== How to complete this task ==
Retype the whole listing exactly. Leave out pictures.

== Raw data ==
━━━━━━━━━━━━━━━━━━━━━━━━━━━━━━

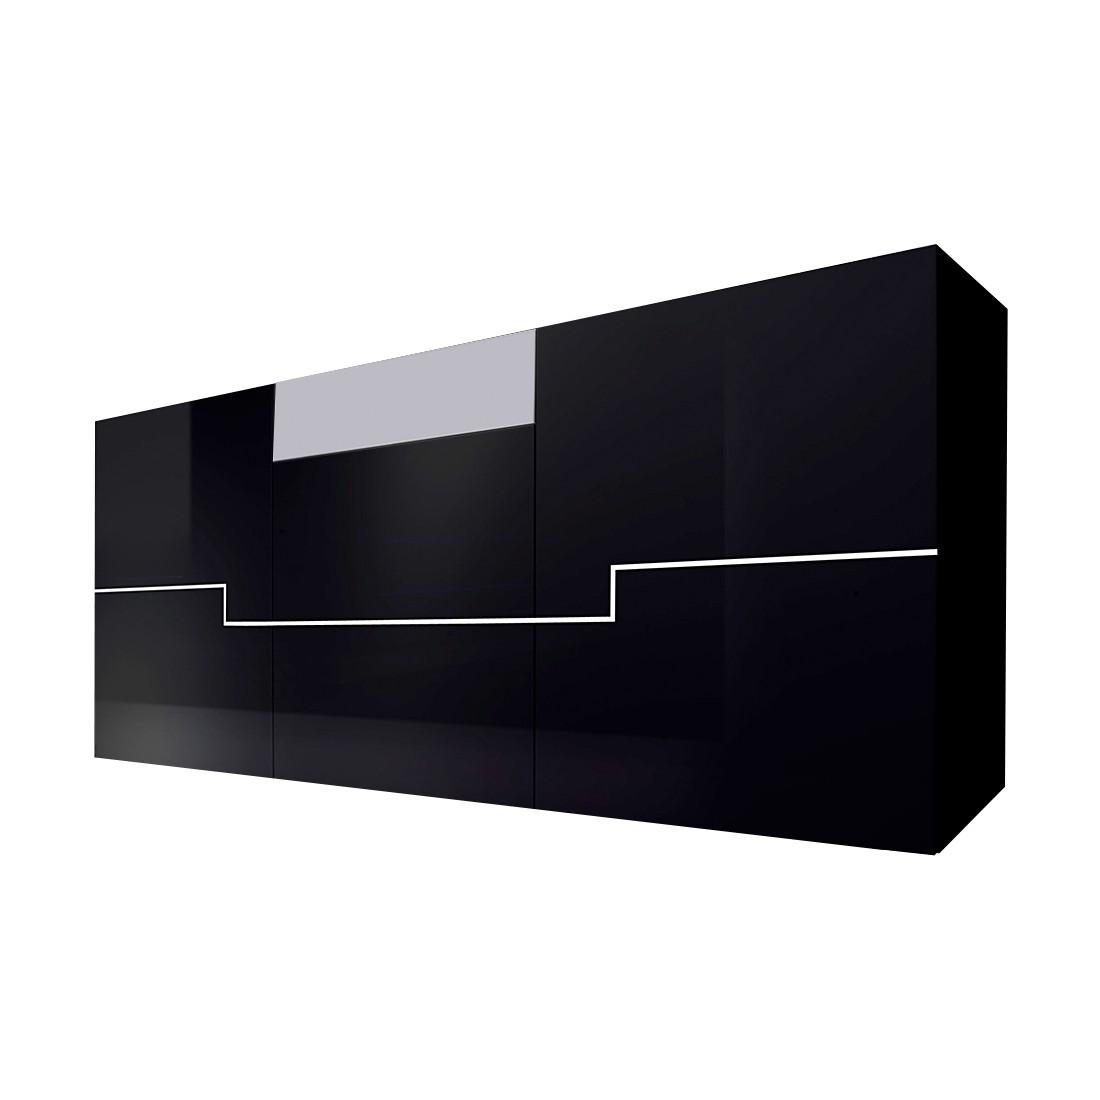 hochglanz sideboard g nstig kaufen. Black Bedroom Furniture Sets. Home Design Ideas
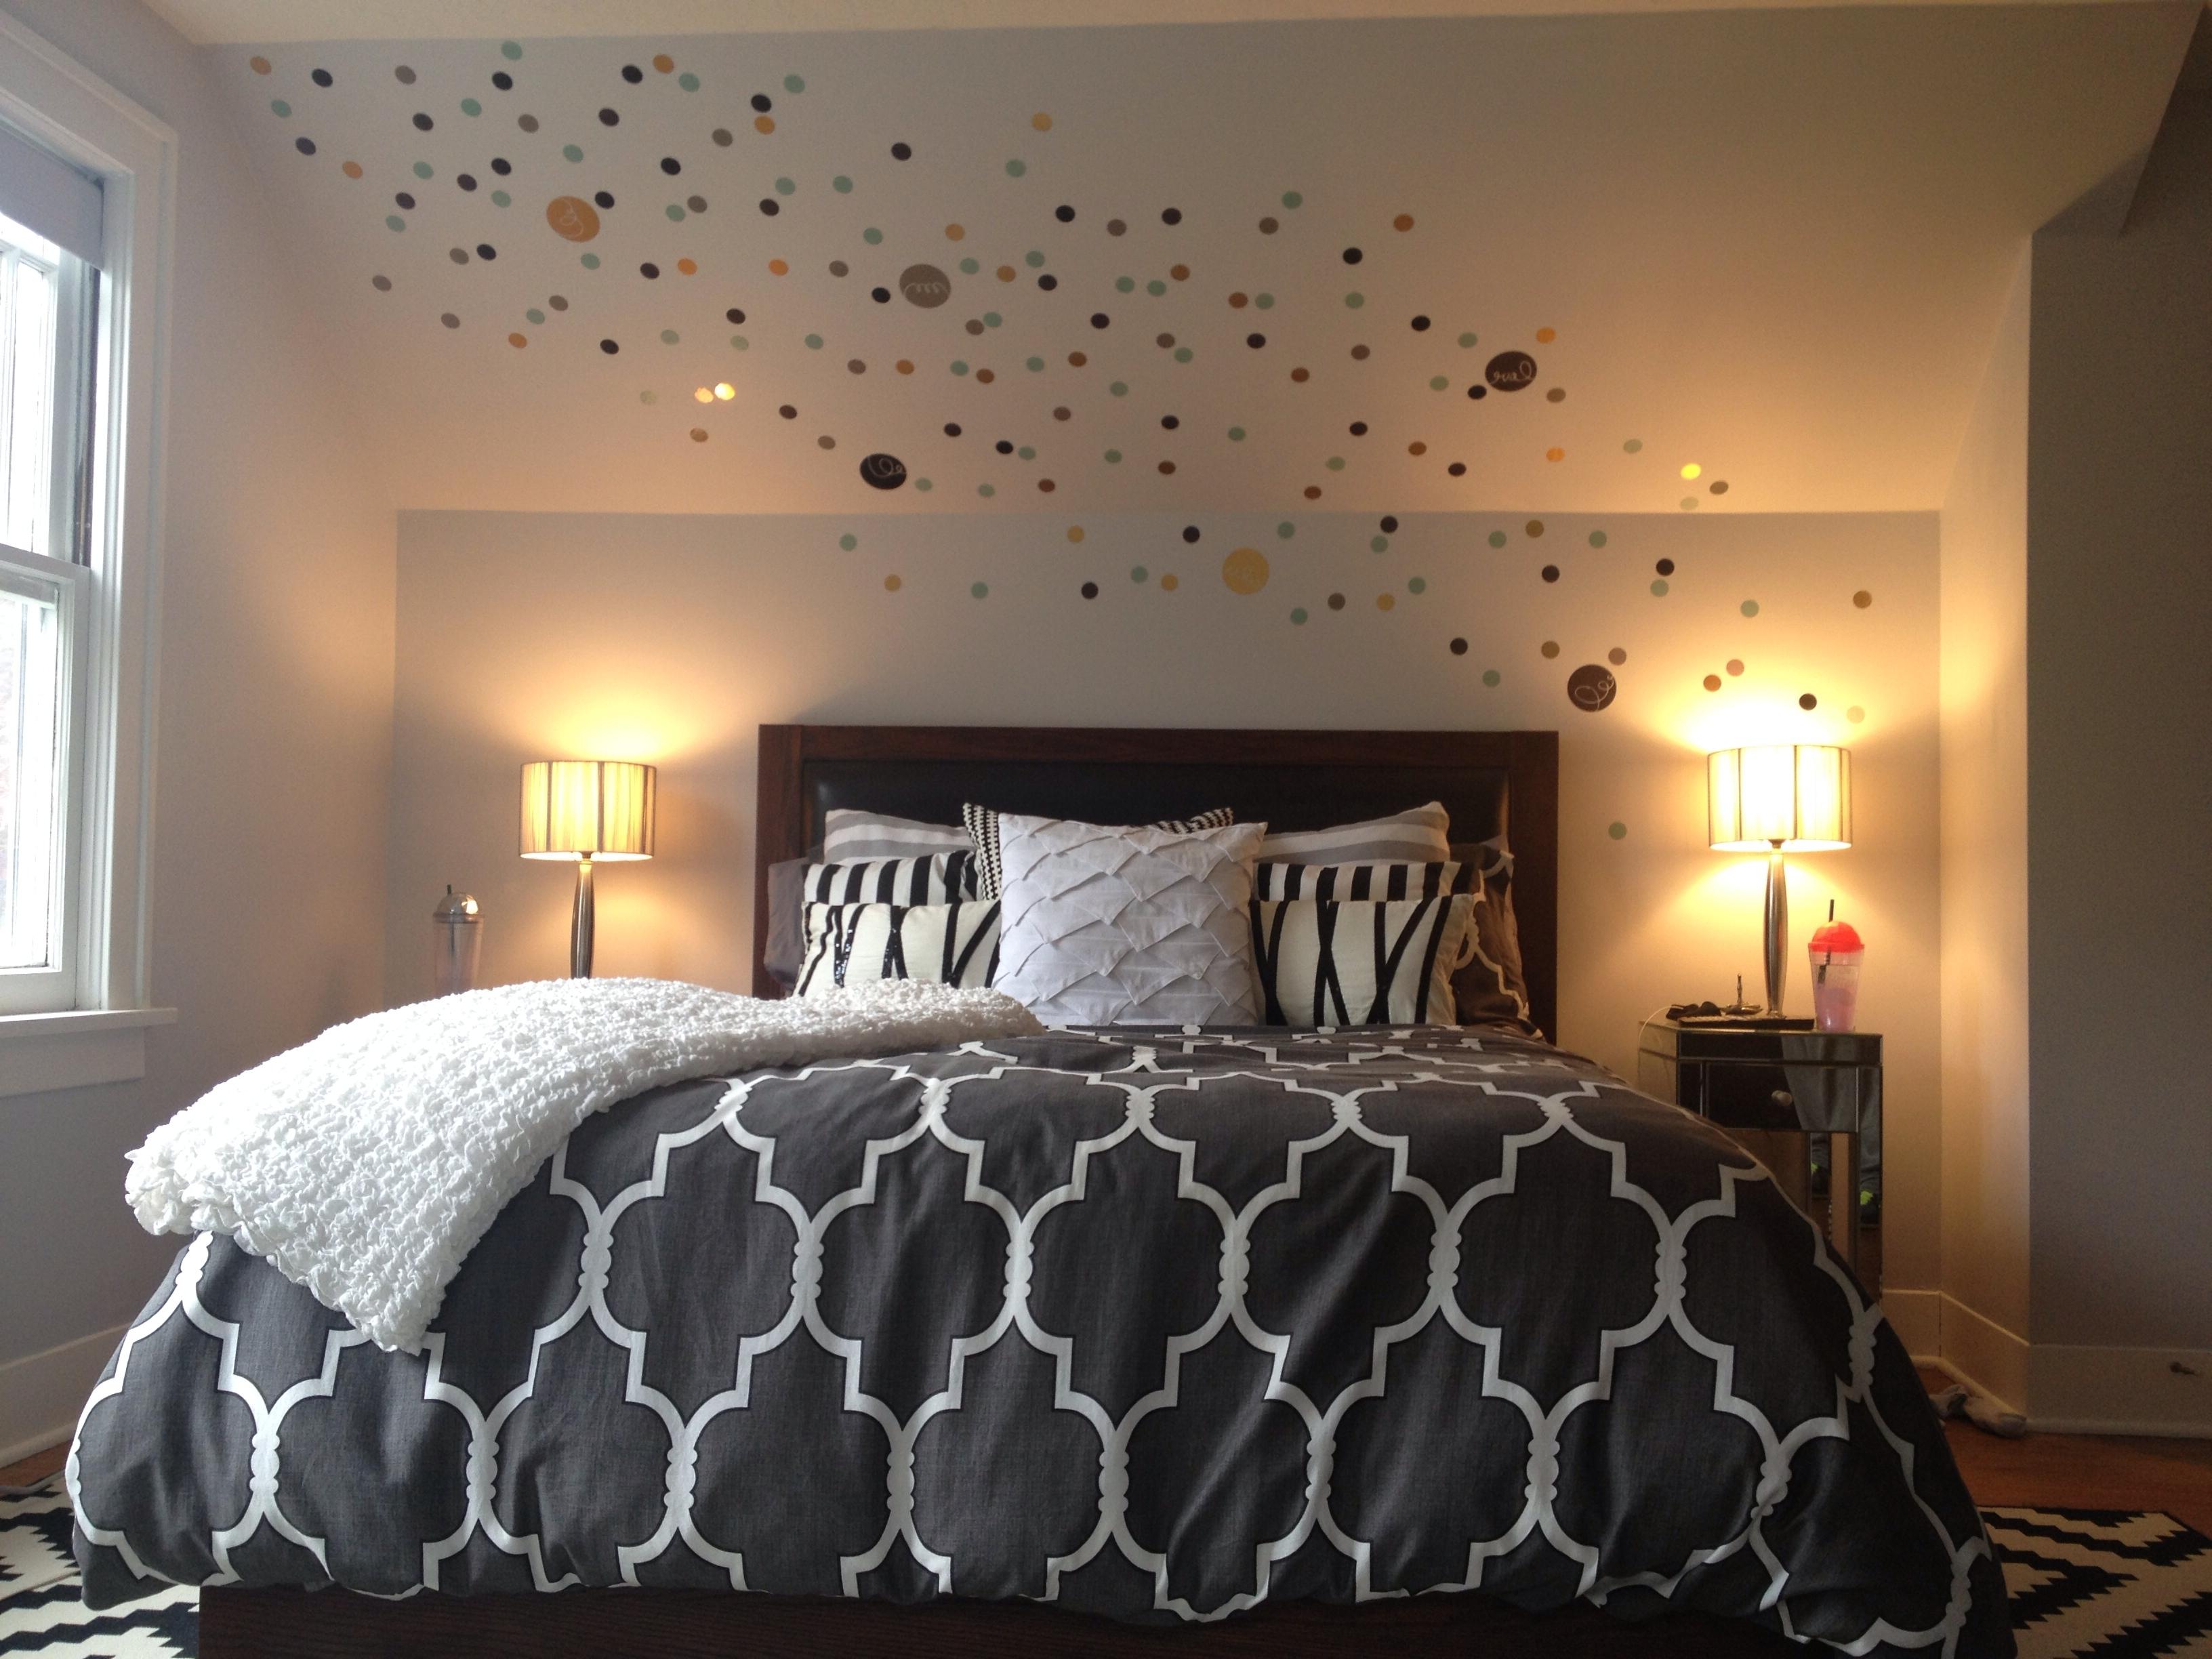 Bedroom Decor (Gallery 5 of 15)
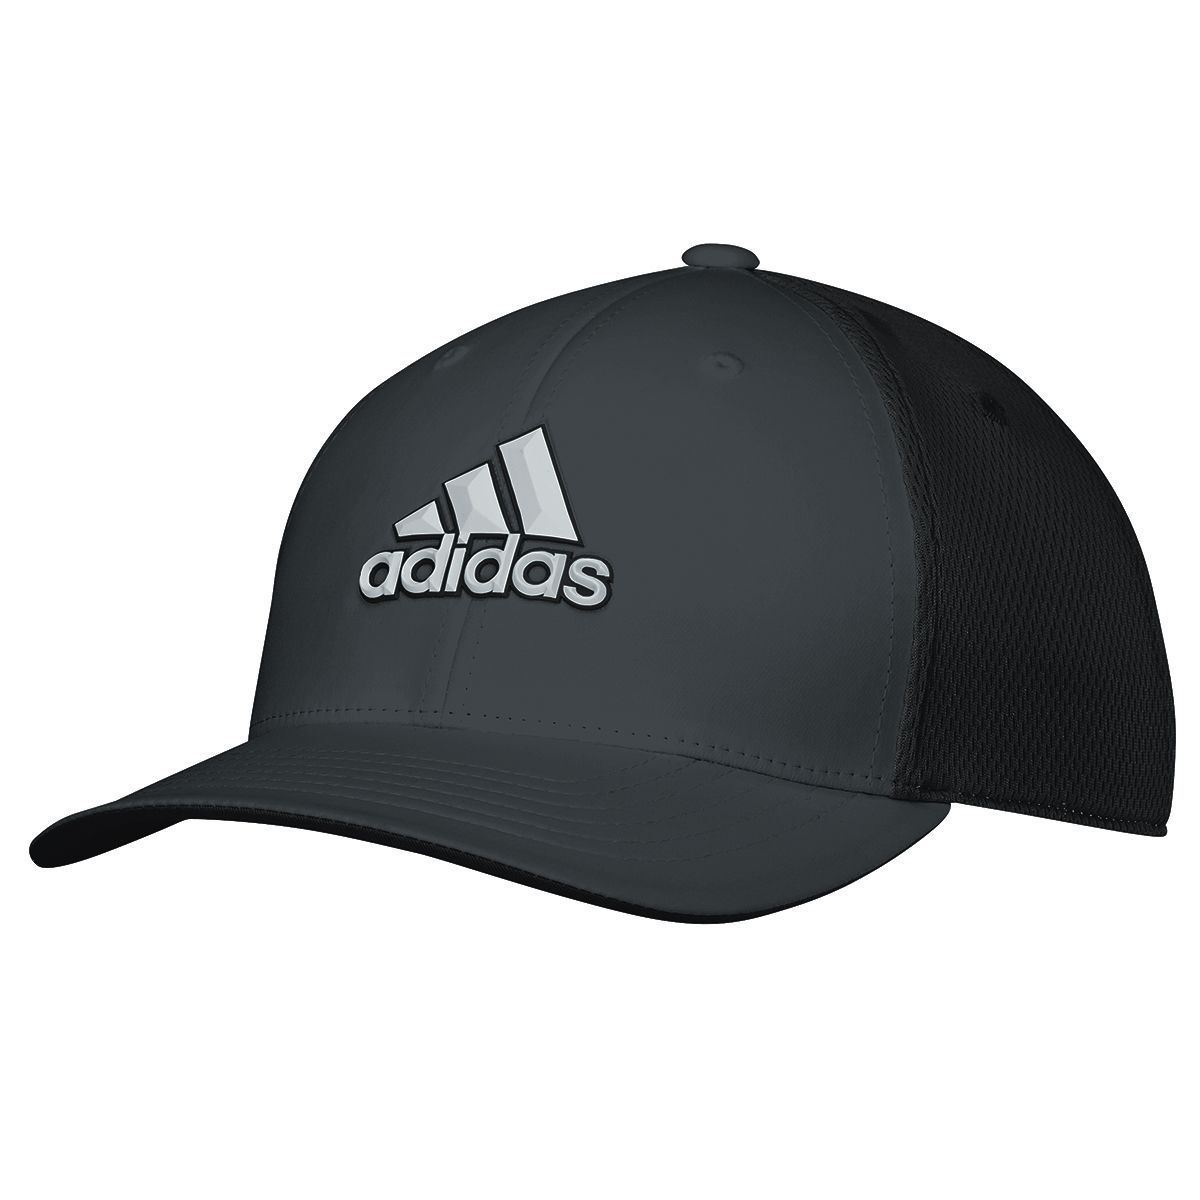 677eb48b Adidas Tour Stretch Cap CF3186 - Next Day Delivery Golf Equipment
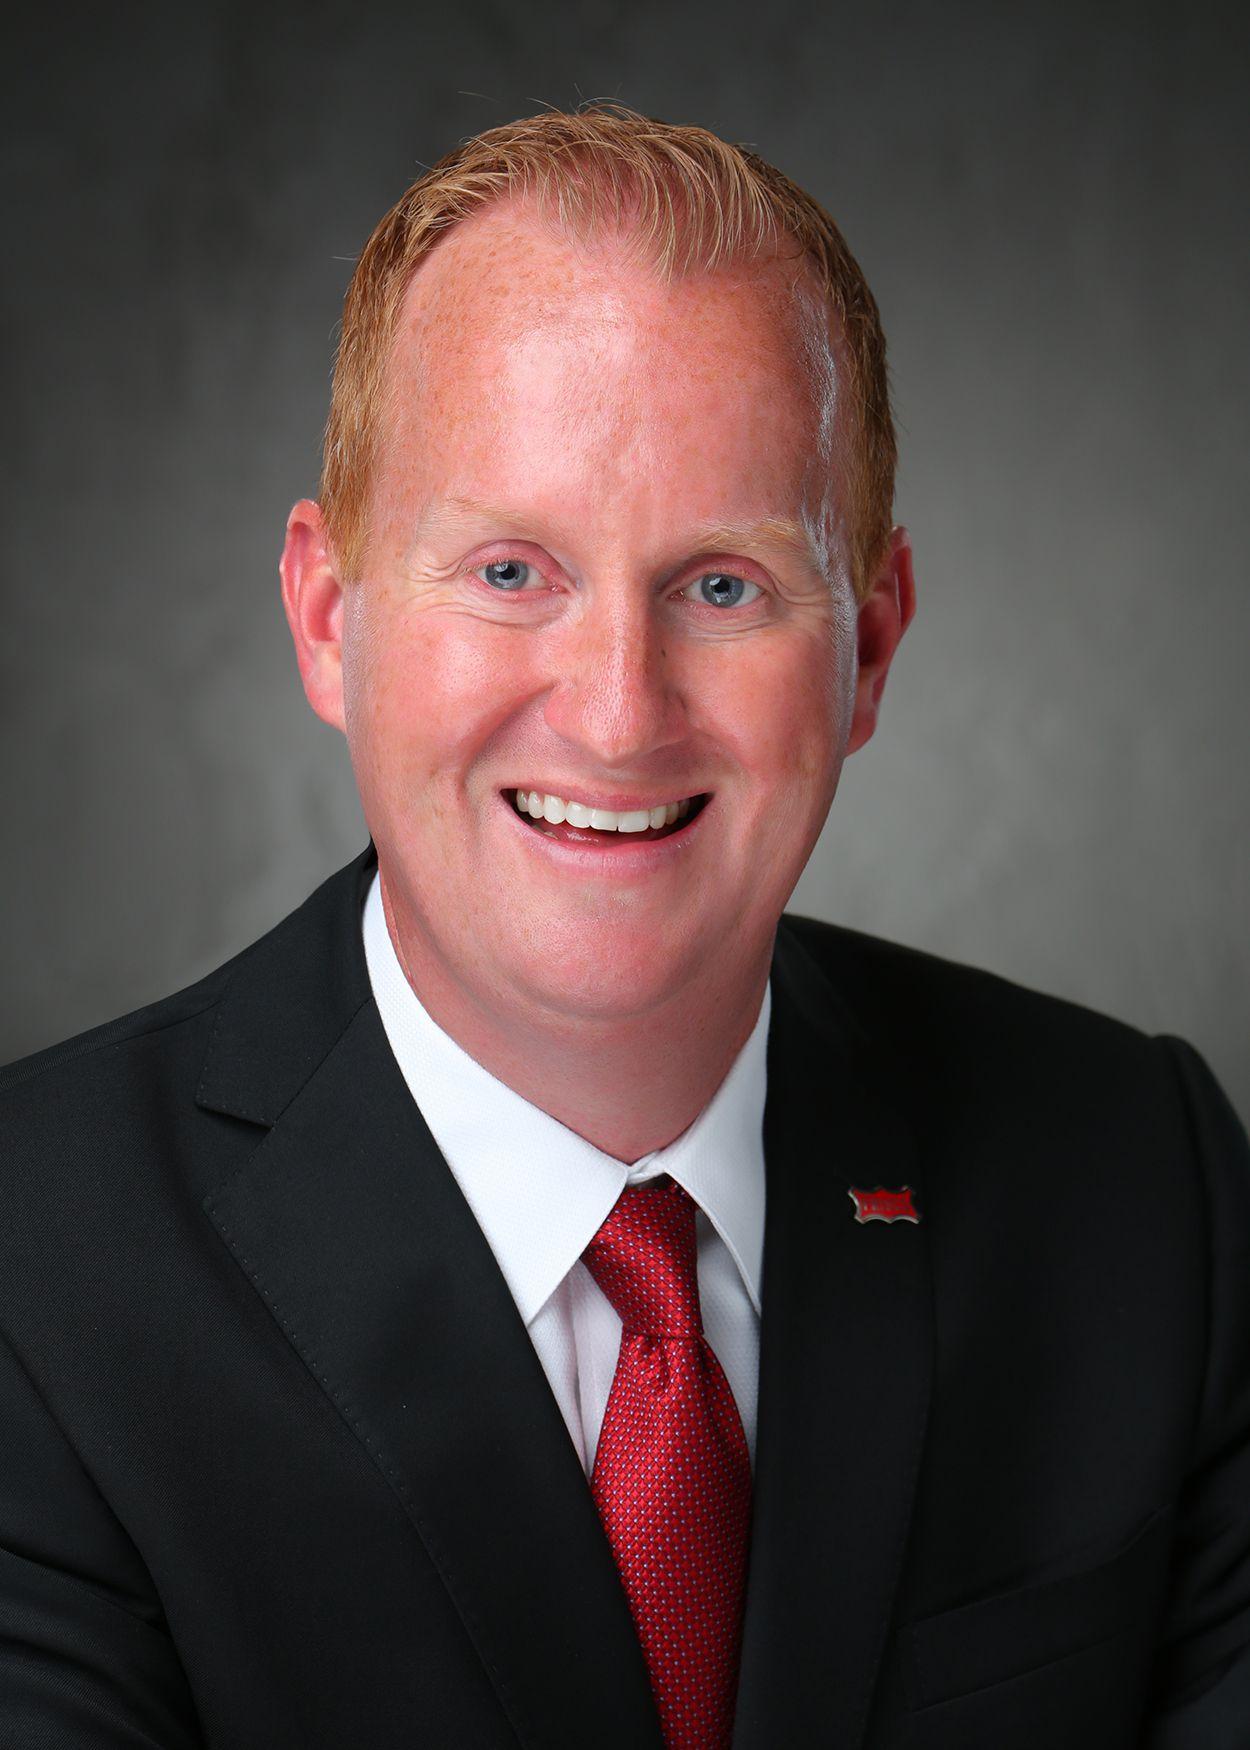 Jeff Cheney is the Frisco mayor.

━━━━━━━━━━━━━━━━━━━━━━━━━━━━━━

== Solution to this problem ==
 hochglanz sideboard g nstig kaufen. Black Bedroom Furniture Sets. Home Design Ideas
 Bedroom Decor (Gallery 5 of 15)
 677eb48b Adidas Tour Stretch Cap CF3186 - Next Day Delivery Golf Equipment
 Jeff Cheney is the Frisco mayor.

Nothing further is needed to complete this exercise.